:: INPUT DATA ::
■ ■ ■ ■

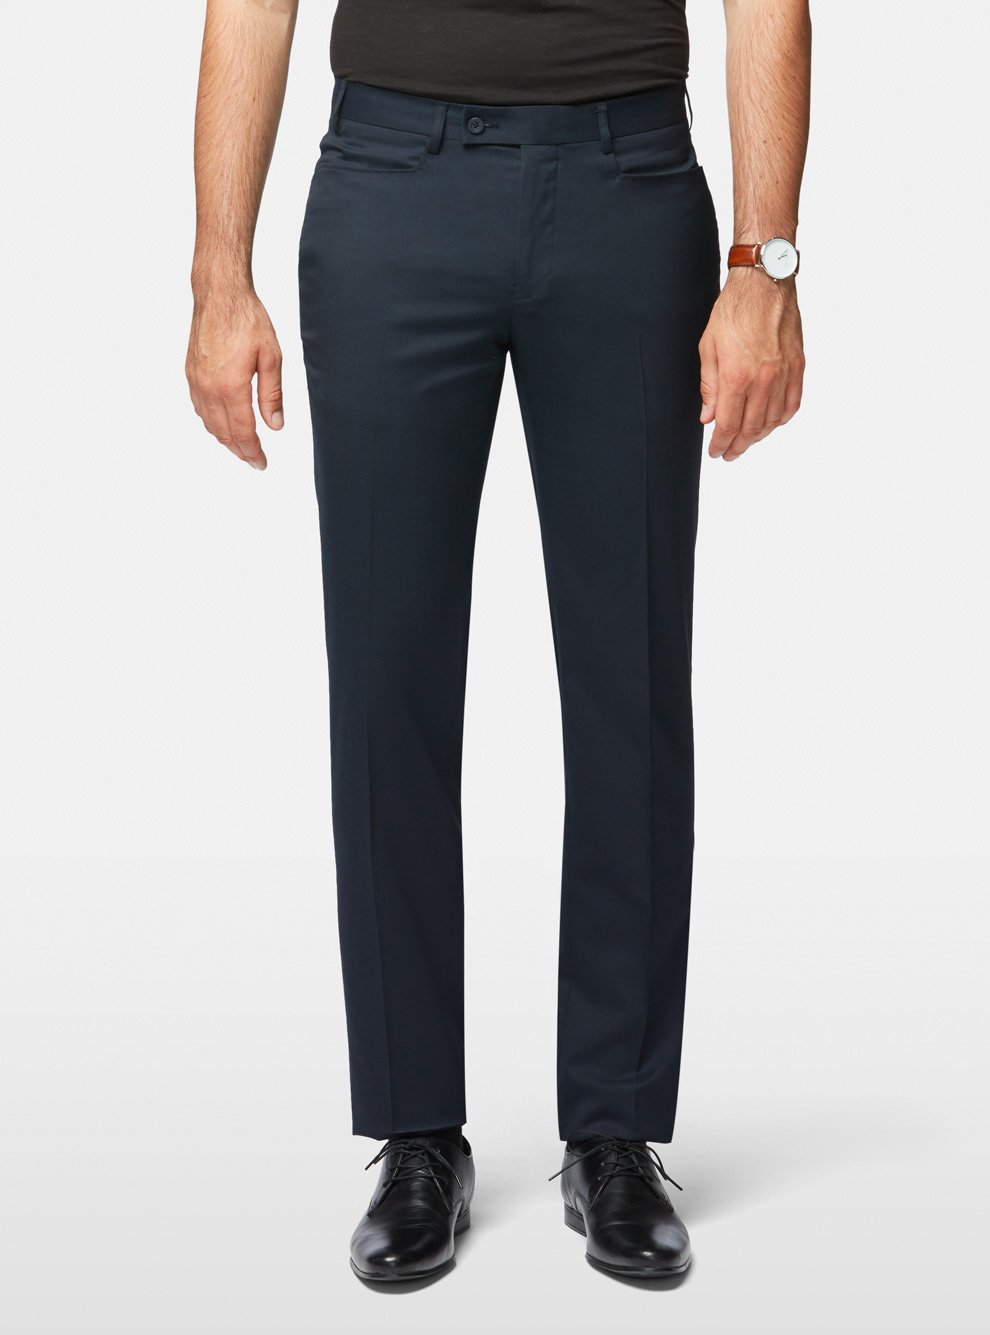 Mens Stretch Slim Fit Dress Pants Casual Business Office Work Suit Pant  Expandable Waist Comfy Flat-Front Athletic Golf Pants Black at Amazon Men's  Clothing store
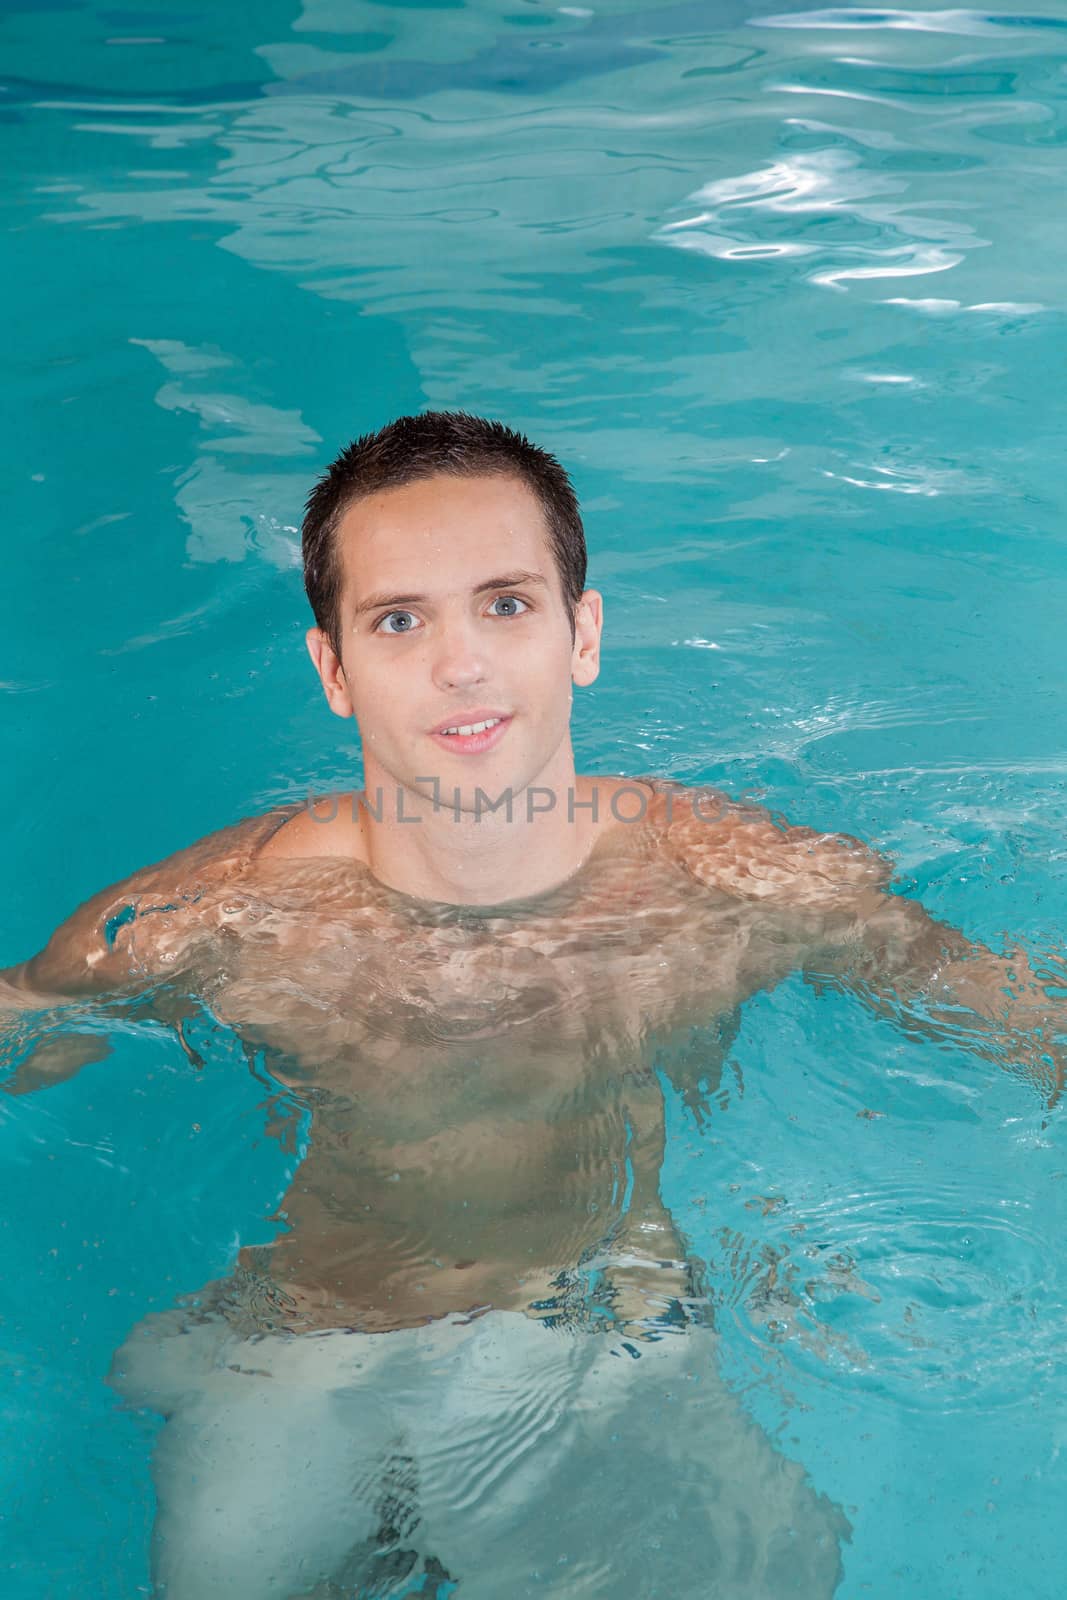 Man inside the pool
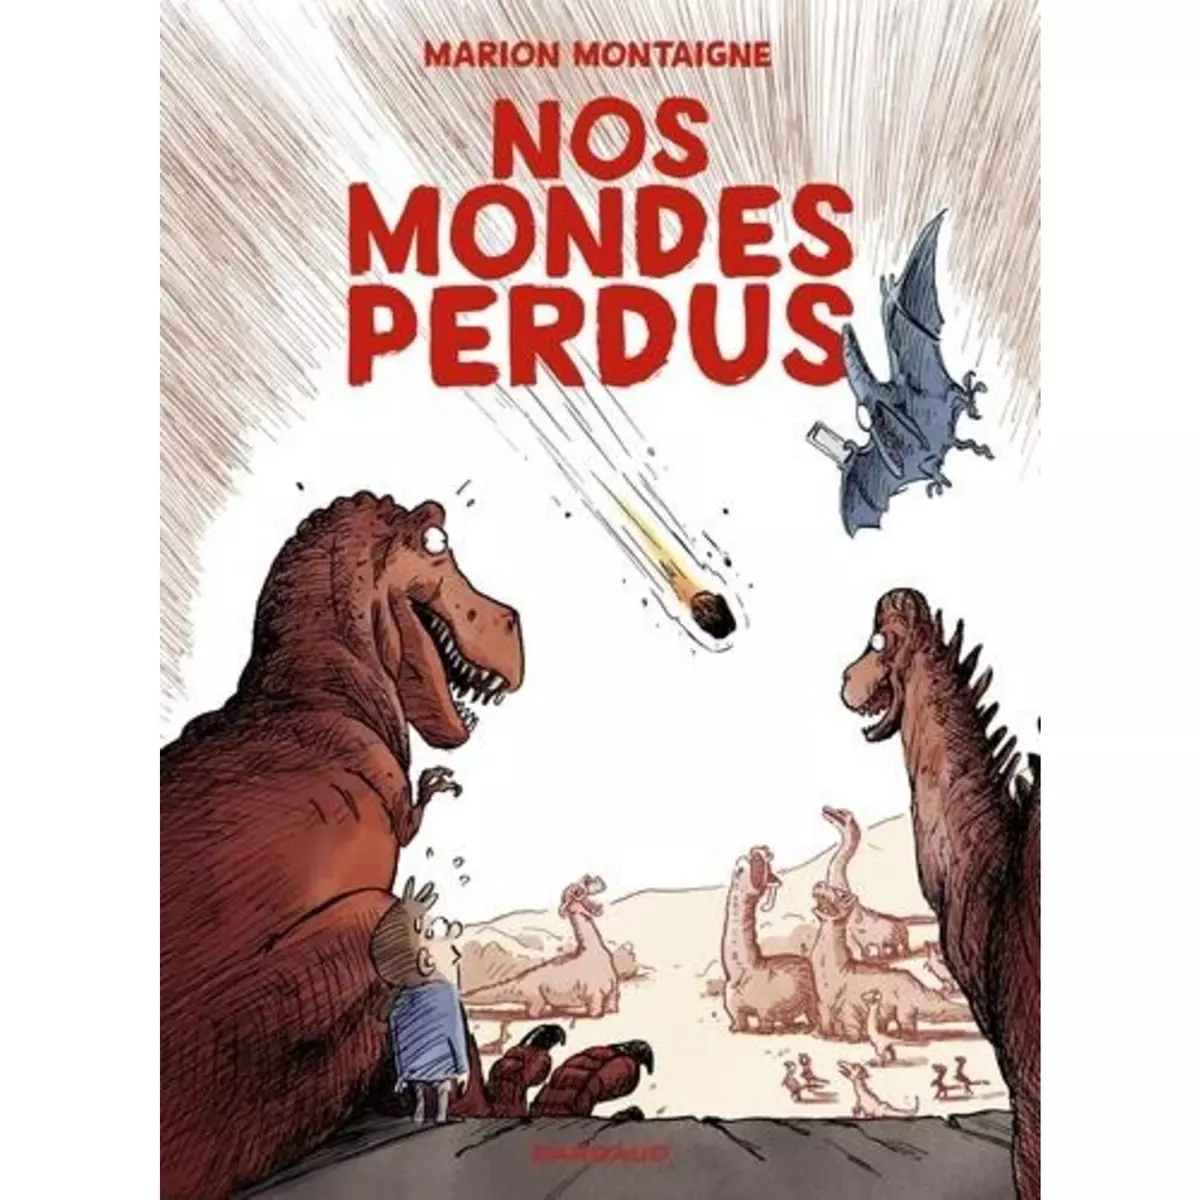  NOS MONDES PERDUS, Montaigne Marion

■ ■ ■ ■

:: WHAT IS EXPECTED ::
Reprint the listing above verbatim but drop the images.

:: THE ANSWER ::
 Mens Stretch Slim Fit Dress Pants Casual Business Office Work Suit Pant  Expandable Waist Comfy Flat-Front Athletic Golf Pants Black at Amazon Men's  Clothing store
 Man inside the pool
  NOS MONDES PERDUS, Montaigne Marion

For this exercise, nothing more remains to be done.